One of the best predictors of positive outcomes in bladder cancer (BC) is pT0 following radical cystectomy (RC). Discordance between clinical and pathologic staging affects decision-making in patients with clinical absence of disease (cT0).

OBJECTIVES:

We sought to determine whether a restaging transurethral resection of bladder tumor (re-TURBT) improves clinical staging accuracy relative to pathologic stage RC in patients treated with neoadjuvant chemotherapy (NAC) versus those who did not receive NAC.

METHODS:

We queried our prospectively maintained IRB approved institutional database to identify 129 patients who underwent RC from 2013 to 2019 with a re-TURBT prior to RC. 53 patients were treated with NAC between their initial and re-TURBT and 76 patients were not treated with NAC.

RESULTS:

The overall upstaging rate from re-TURBT to RC was 34.9%. There was no significant difference in the upstaging rate between the NAC and no-NAC groups - 31.0% vs. 37.0%, respectively. In patients who were cT0 on re-TURBT, the NAC group did not show a significantly greater rate of pathologic clinical CR (pT0) than the no NAC group - 38.5% vs. 37.5%, respectively. Re-TURBT with staging < rT2 as a predictor for absence of MIBC on pathologic staging (<ypT2) did not show a significant difference between the NAC and no NAC group, with a negative predictive value (NPV) of 69.0% and 66.7%, respectively.

CONCLUSIONS:

Re-TURBT after NAC does not show statistically significant improvement in staging accuracy relative to pathologic stage at RC compared to re-TURBT in patients not treated with NAC.

INTRODUCTION

Bladder cancer (BC), the most common neoplasm of the urinary system, is the sixth most common cancer diagnosis and eighth most common cause of cancer mortality in the United States [1, 2]. For muscle-invasive bladder cancer (MIBC), NAC plus Radical Cystectomy (RC) is the gold standard of treatment [3]. NAC is associated with improved survival rates and clinical outcomes in MIBC and cisplatin-based NAC is recommended for all eligible patients prior to RC [4, 5].

One of the best predictors of positive clinical and survival outcomes in BC is pathologic complete response (pCR), or pT0, following RC [6, 7]. The landmark Southwest Oncology Group (SWOG) trial showed increase in pT0 staging in patients treated with NAC prior to RC compared to those who underwent RC alone and this was associated with significant improvement in overall survival compared to patients with residual disease [8].
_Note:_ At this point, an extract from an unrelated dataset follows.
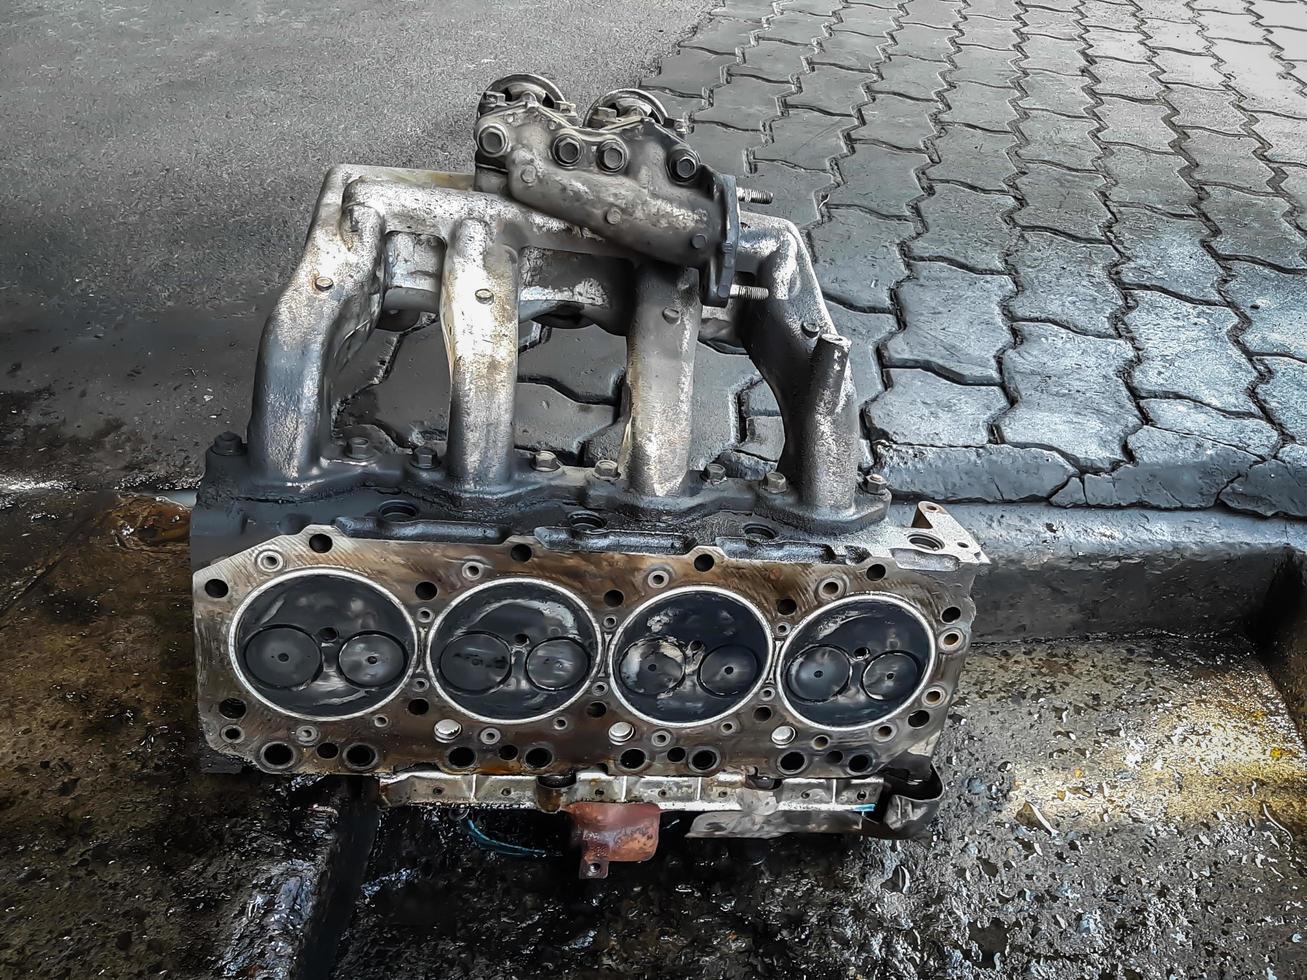 cylinderblocket på den fyrcylindriga motorn. demonterat motorfordon för reparation. foto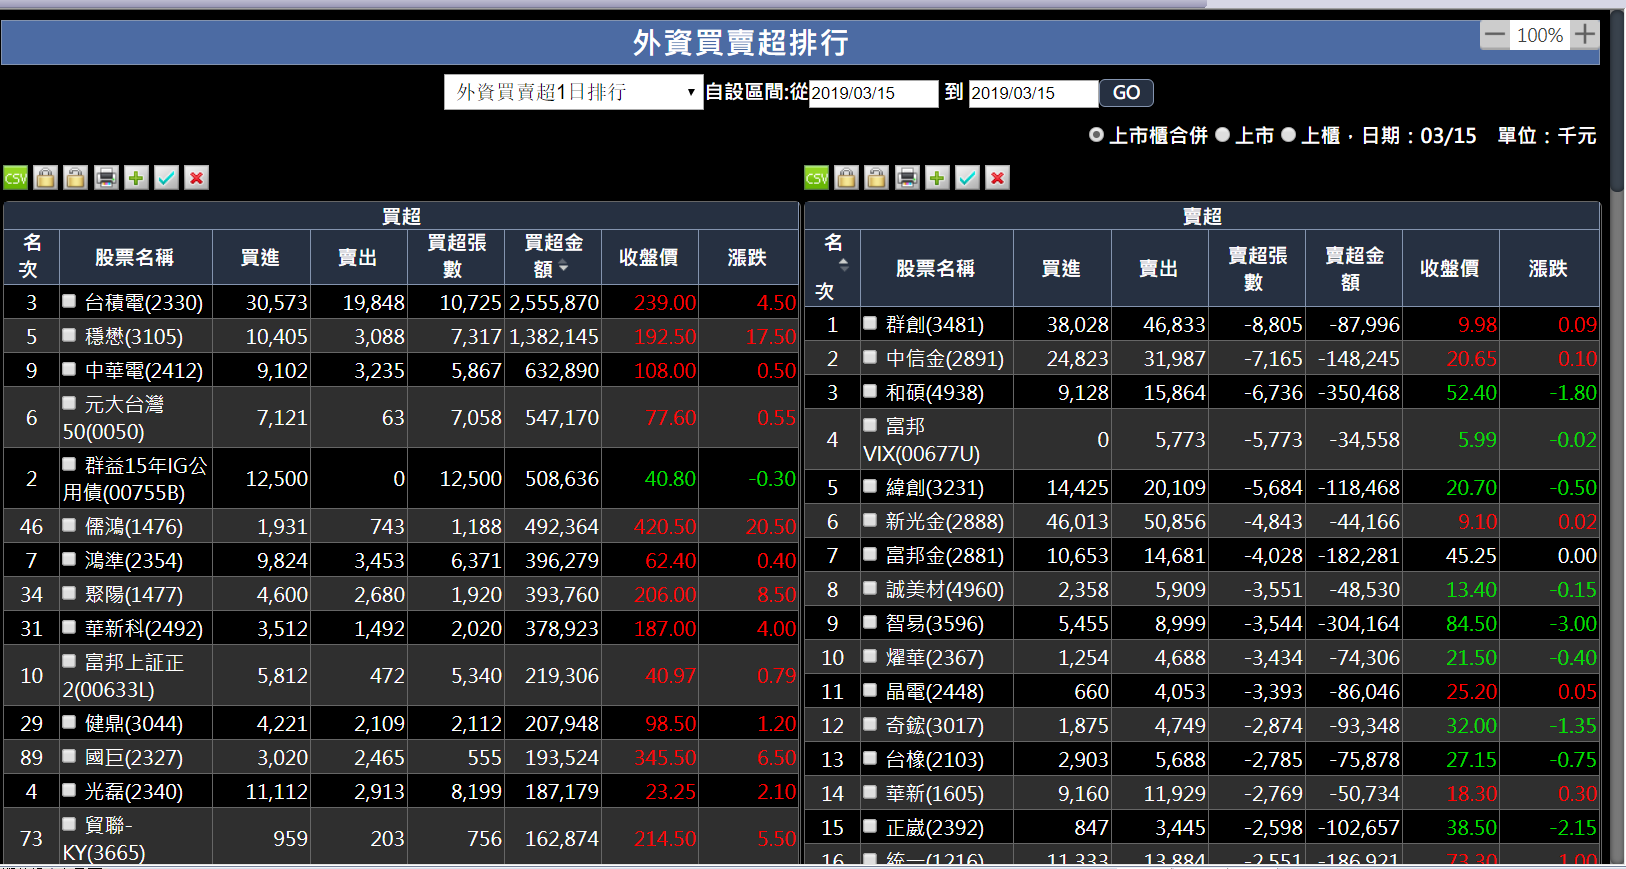 台股今日挑戰年線 (穩懋,聯茂), 光學股 ,高殖利率股 飆股抱波段賺比較多

Identifying the impact of NAC earlier in the clinical course of treatment for MIBC patients, such as prior to RC, remains a topic of interest [9]. Predicting pathologic stage prior to RC, however, is imperfect as transurethral resection of bladder tumor (TURBT), a commonly used procedure in endoscopically evaluating and treating BC prior to possible RC, has shown to be inaccurate [10–14]. Even as other tools including genomic and clinical testing are being utilized, the discordance between clinical to pathologic staging remains high at 20–80% [13, 14]. This limits the confidence with which bladder-sparing options can be recommended in patients with clinical absence of disease (cT0). A recent single-site study found that clinical absence of tumor on re-TURBT did not reliably predict pathologic absence of tumor, as pT0 was found in only 35.7% of patients who were clinically absent of disease (cT0) on re-TURBT [5].

There remains considerable variability regarding re-TURBT following completion of NAC prior to RC and the decision often varies based on institution or surgeon preference [9]. At our institution many of the patients undergo a re-TURBT following NAC administration.

Additionally, determining the role that documenting cT0, or clinical complete response, on re-TURBT following completion of NAC plays in clinical management and decision-making for these patients remains under investigation [15–18]. As research progresses in identifying appropriate candidates for bladder preservation, there has been an increased interest in determining whether a patient with a clinical complete response (cT0) to NAC can confidently opt for organ-preservation in MIBC. More specifically, understanding whether the current clinical staging, including re-TURBT, allow us to accurately determine the likelihood of presence or absence of residual bladder cancer with radical cystectomy.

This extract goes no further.